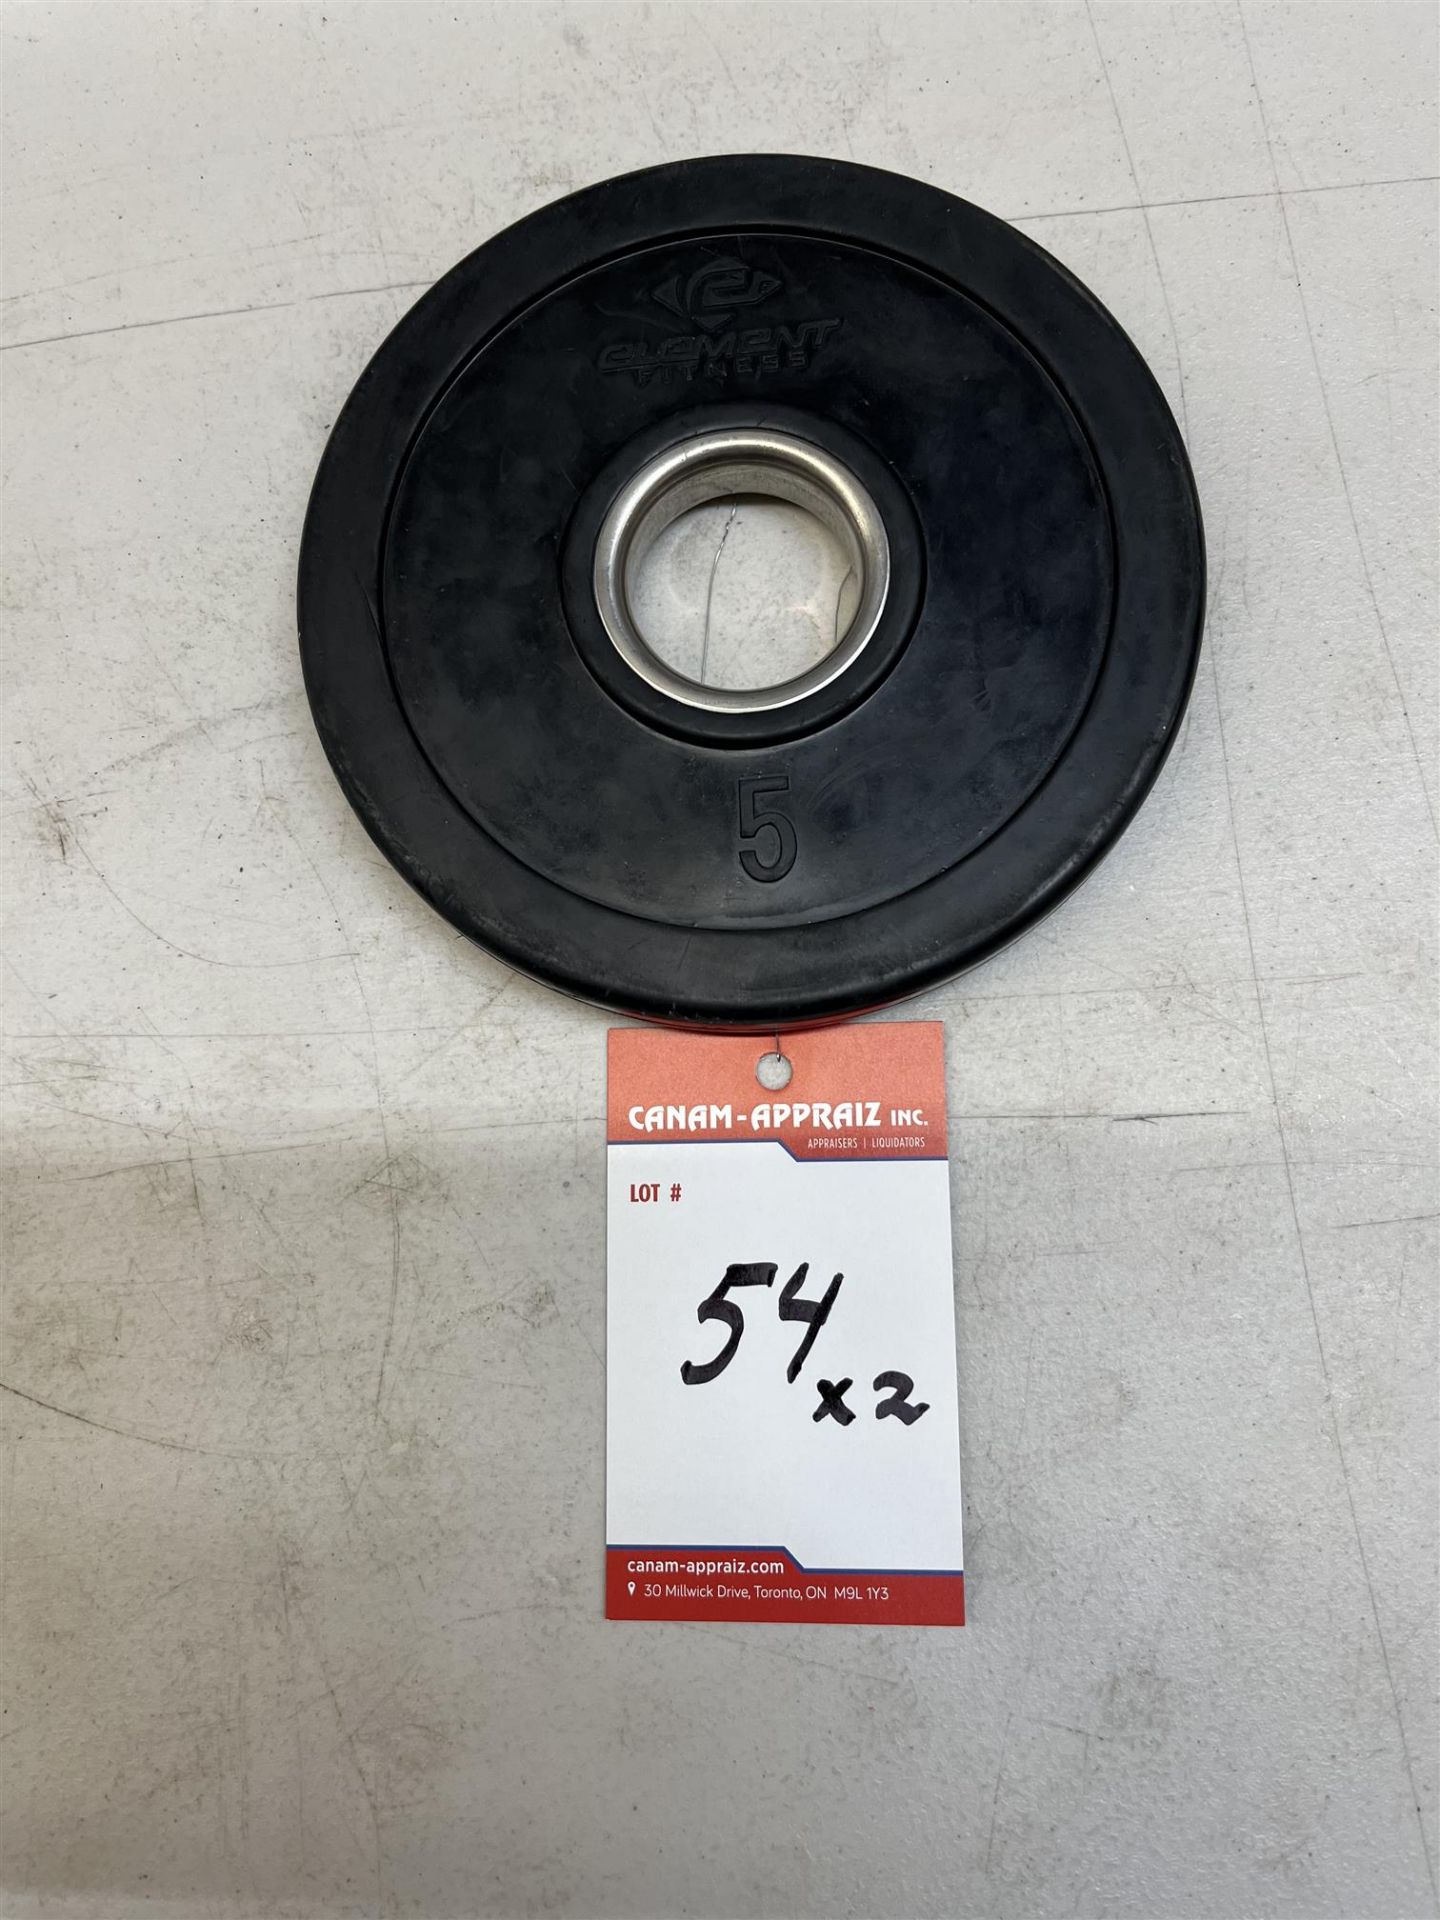 Rubber Plate 5 lbs - Quantity: x2
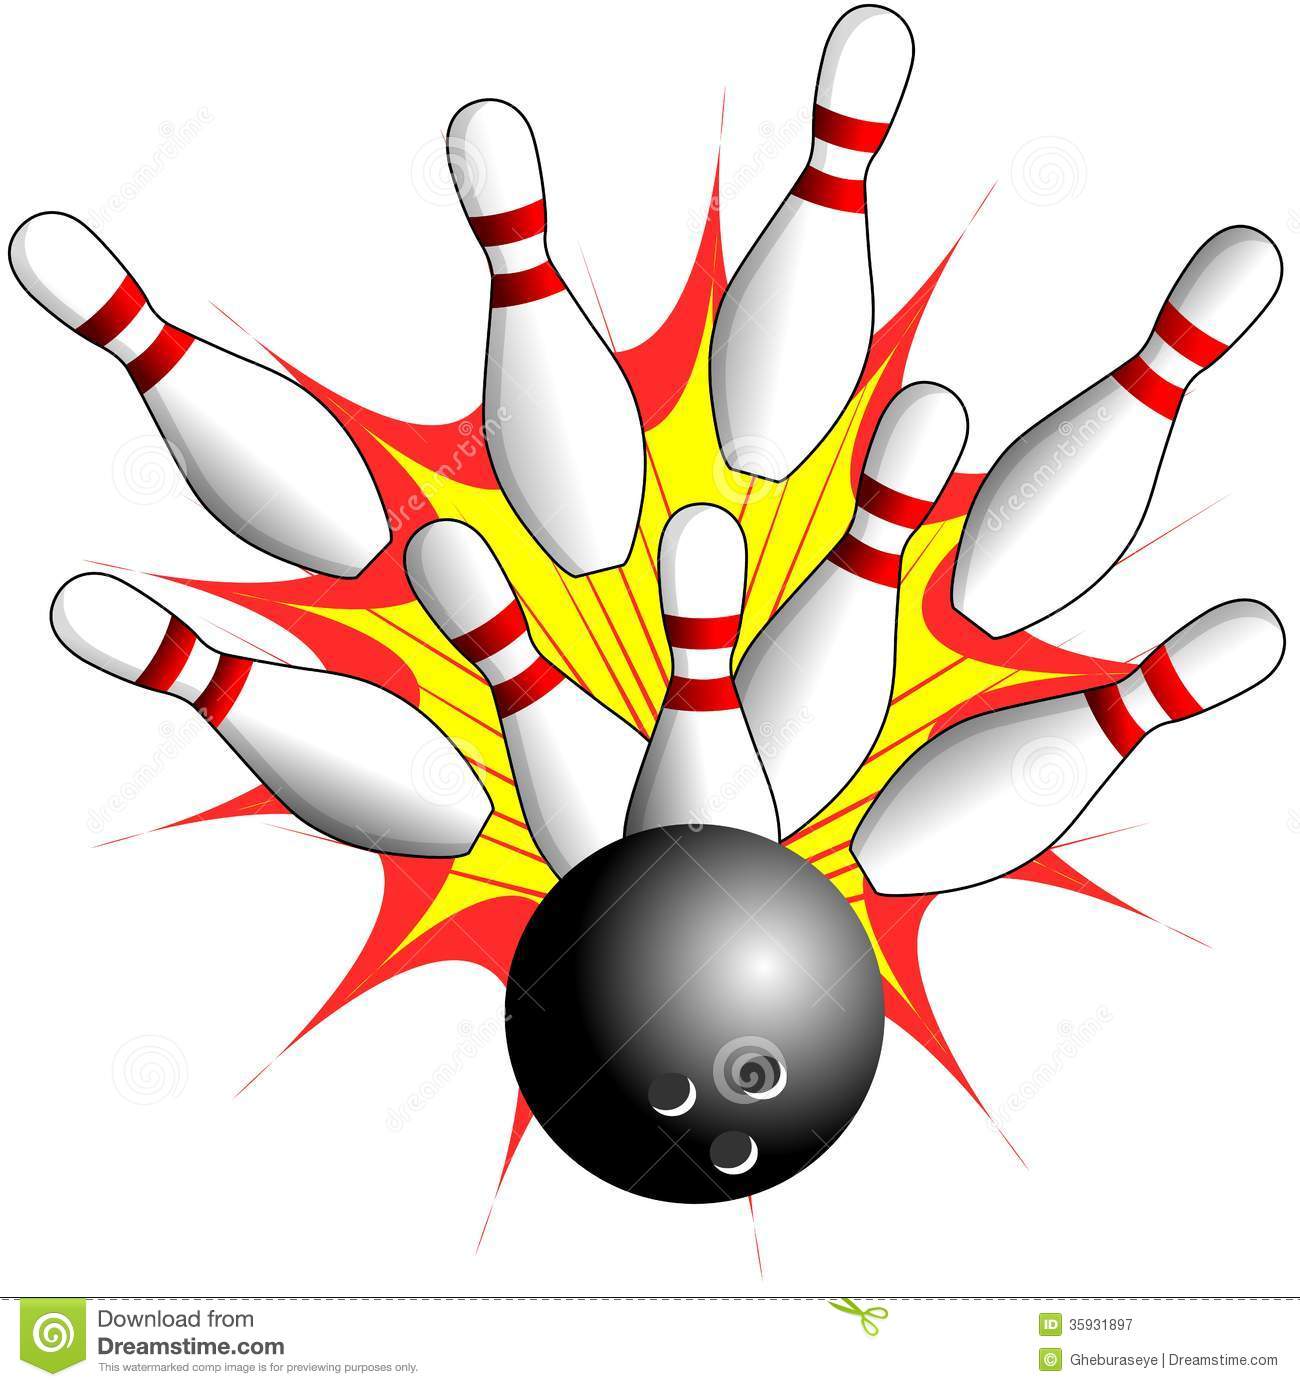 Bowling clipart black and
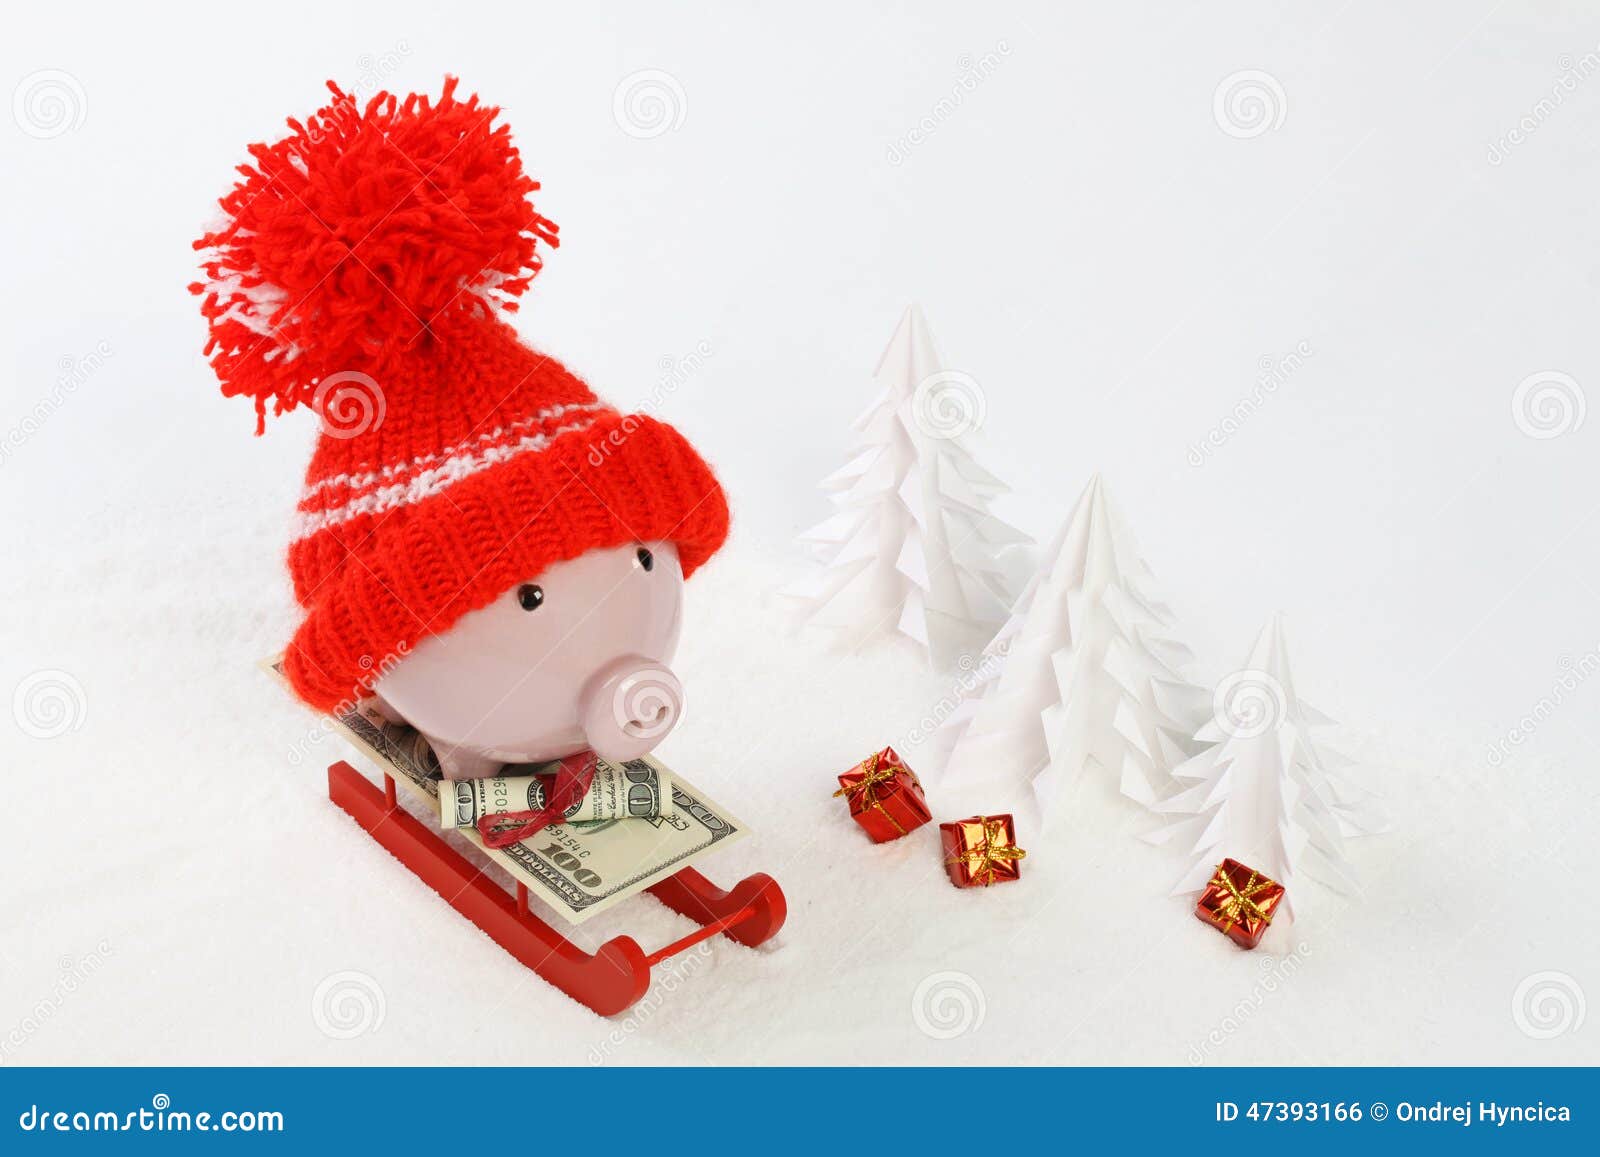 piggy box with red hat with pompom standing on red sled with blanket from greenback hunderd dollars on snow and around are

■ TASK PROMPT ■
All of the material above must be retyped exactly, line for line, with the images dropped.

■ RESPONSE BOX ■
 Rubber Plate 5 lbs - Quantity: x2
 Bowling clipart black and
 piggy box with red hat with pompom standing on red sled with blanket from greenback hunderd dollars on snow and around are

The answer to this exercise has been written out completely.